There are basically only 3 fractional mag numbers you really need to know:
You can think of ↑0.5 as either 3 or π; either is close enough. The other two are actually remarkably close to whole multipliers (↑0.3 = 1.995x and ↑0.7 = 5.012x).
So to halve a mag number, for instance to convert from diameter to radius, subtract 0.3. Conversely, to double a mag number, add 0.3.
If you’re serious about developing facility with mag numbers/logarithms, internalize these. You should develop a deep-seated sense that halfway between 100 and 1000 is 316.
To get the square of a mag number is really easy: multiply by 2. Or the square root, divide by 2. Cube and cube root, multiply or divide by 3. You probably won’t need any exponents other than 2 or 3, but if you do, multiply or divide it just the same.
So if you have a town of 100 km², then that’s ↑2 (100) × ↑3² (km²) = ↑8 area. Note that “kilometer squared” doubles the kilo (↑3² = ↑6) but not the coefficient. And to cross that town lengthwise would be the square root of that area, which is half its mag number, or ↑4 distance (10 km).
This also works for circles; you can take the square root of the area to estimate the diameter, or square the diameter to estimate the area (and either is only off by about 10%). So a circle with diameter ↑3 would have ↑6 area.
A cube of ↑6 size has ↑18 volume–this is just 3x the mag size. A sphere of ↑6 size has ↑17.7 volume–this is 3x-.3, because a sphere has about half the volume of the cube it fits in. (You can probably get away with just 3x though.)
Math Olympiads have an entire Fermi Question section, which logarithmetic is perfect for–they even want an integer for the answer! You can do quite well completely ignoring any precision beyond half an exponent.
In daily life, noting the mag level of every quantity you come across is very useful to establish common ground. And especially if you have data over time, noting when the magnitudes shift can be really powerful.

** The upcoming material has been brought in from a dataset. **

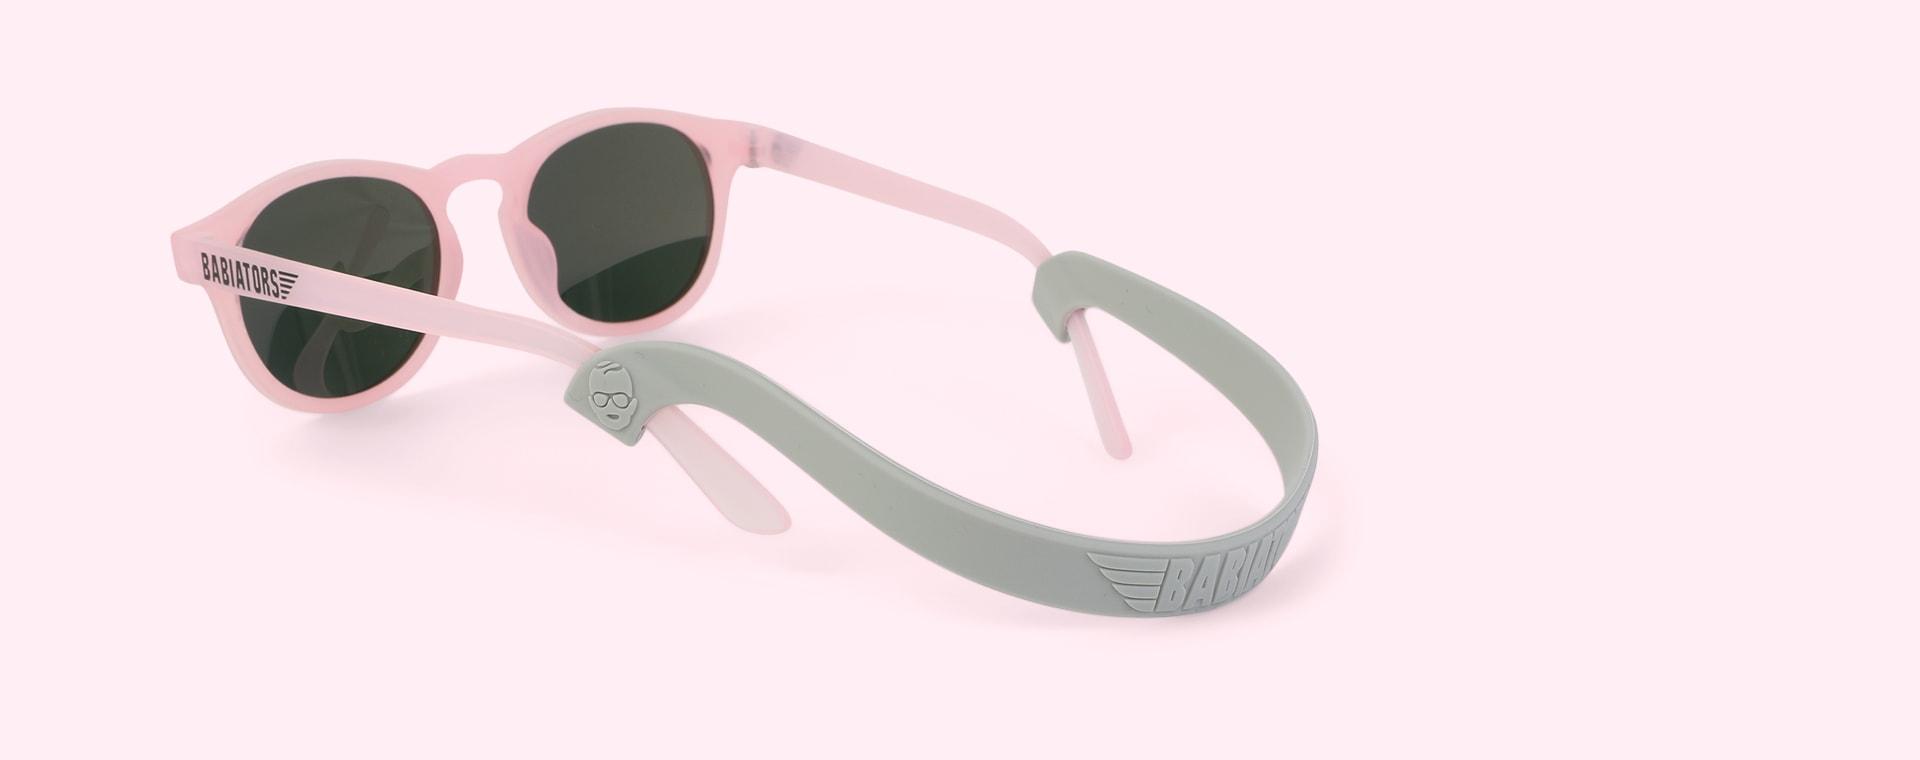 The Pixie Babiators Blue Series Keyhole sunglasses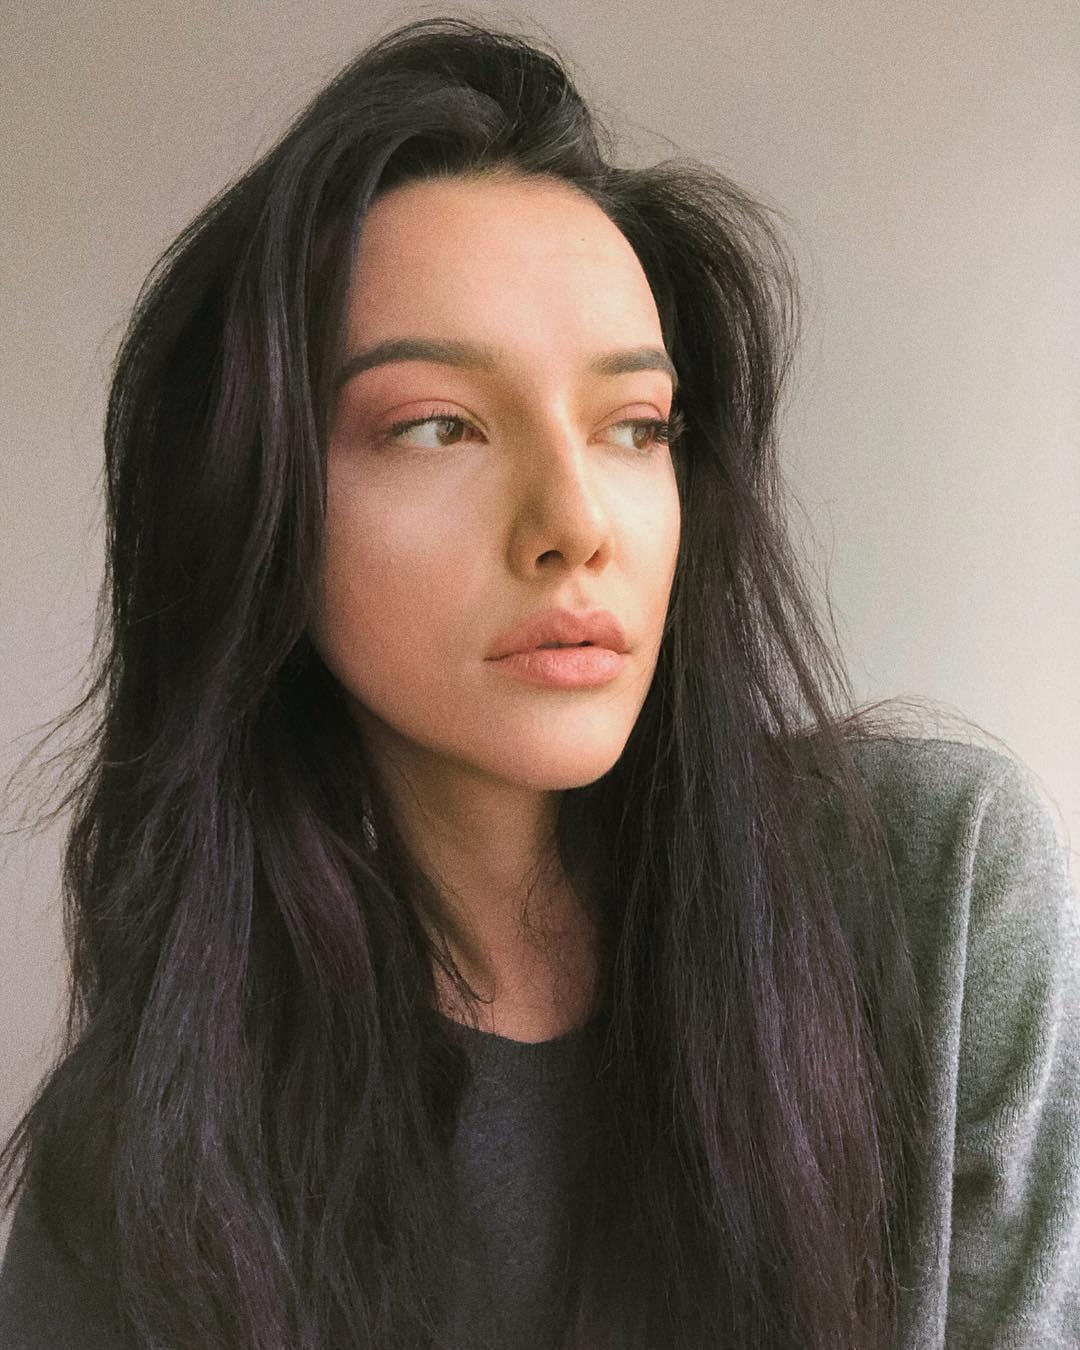 NEW PORN: Lylo Ifşa Nude Duygu Atil Twitch Streamer Leaked

With time and practice, converting from linear numbers and doing math with mag numbers and then converting back, will become like second nature.
The world used about 180,000 TWh in 2023.
Large-scale energy usage is measured in “terawatt-hours per year”, but it’s a bit weird that this has two different time units in it. Of course, energy usage is not quite the same as instantaneous power, which is one reason why TWh/year is used instead of watts; but can we get this number in watts equivalent?
It’s actually pretty easy:
Add them all up to get ↑13 (10 terawatts). Compare this to a Kardashev Type I civilization which uses ↑16 power (10 petawatts), or 1000x as much power.
The speed of light in a vacuum is ↑8.5 speed. A year is ↑7.5 time. Smoosh them together to get a light-year of ↑16 distance.
The “real” answer: ↑15.975924670013155.